In the early 1660s, Hammersmith's first parish church, which later became St Paul's, was built by Sir Nicholas Crispe who ran the brickworks in Hammersmith. It contained a monument to Crispe as well as a bronze bust of King Charles I by Hubert Le Sueur. In 1696 Sir Samuel Morland was buried there. The church was completely rebuilt in 1883, but the monument and bust were transferred to the new church.
The Hammersmith Suspension Bridge, designed by William Tierney Clark, was built across the Thames in 1827, and rebuilt in 1893. In 1984-1985 the bridge received structural support, and between 1997 and 2000 the bridge underwent major strengthening work.

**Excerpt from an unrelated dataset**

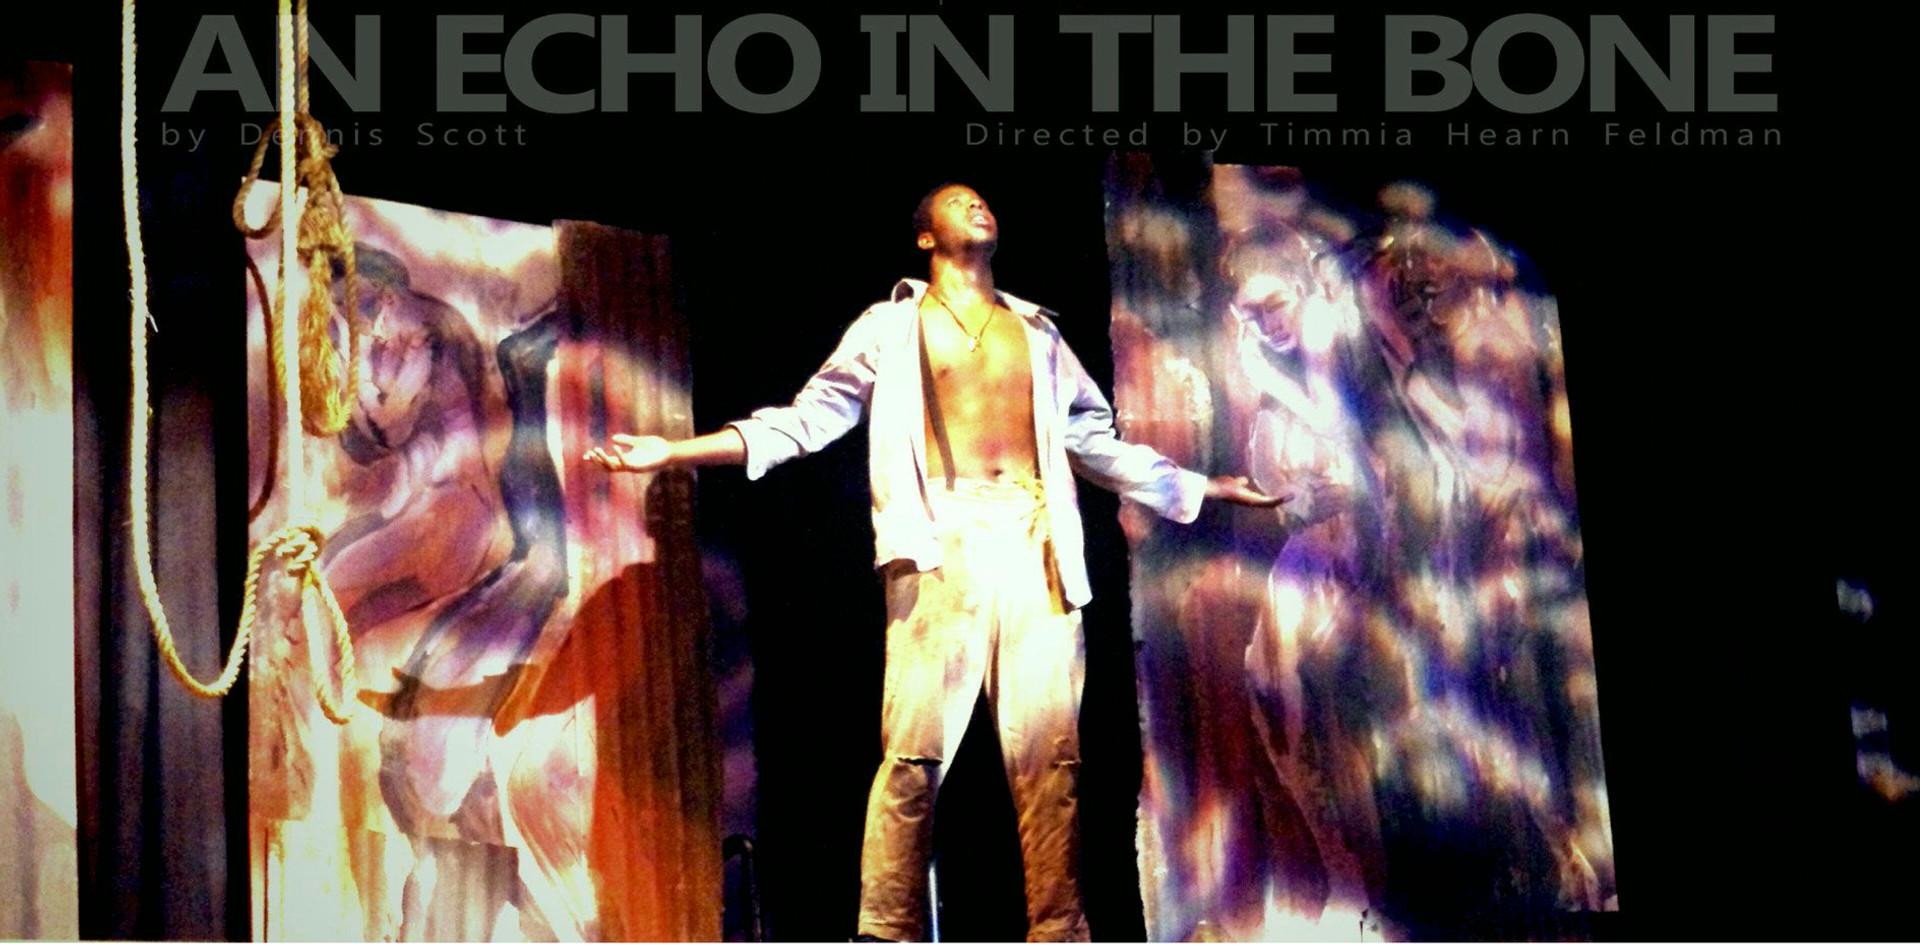 An Echo in the Bone by Dennis Scott (2012)

In 1745, two Scots, James Lee and Lewis Kennedy, established the Vineyard Nursery, over six acres devoted to landscaping plants. During the next hundred and fifty years the nursery introduced many new plants to England, including fuchsia and the standard rose tree.
Major industrial sites included the Osram lamp factory at Brook Green, the J. Lyons factory (which at one time employed 30,000 people). During both World Wars, Waring & Gillow's furniture factory, in Cambridge Grove, became the site of aircraft manufacture.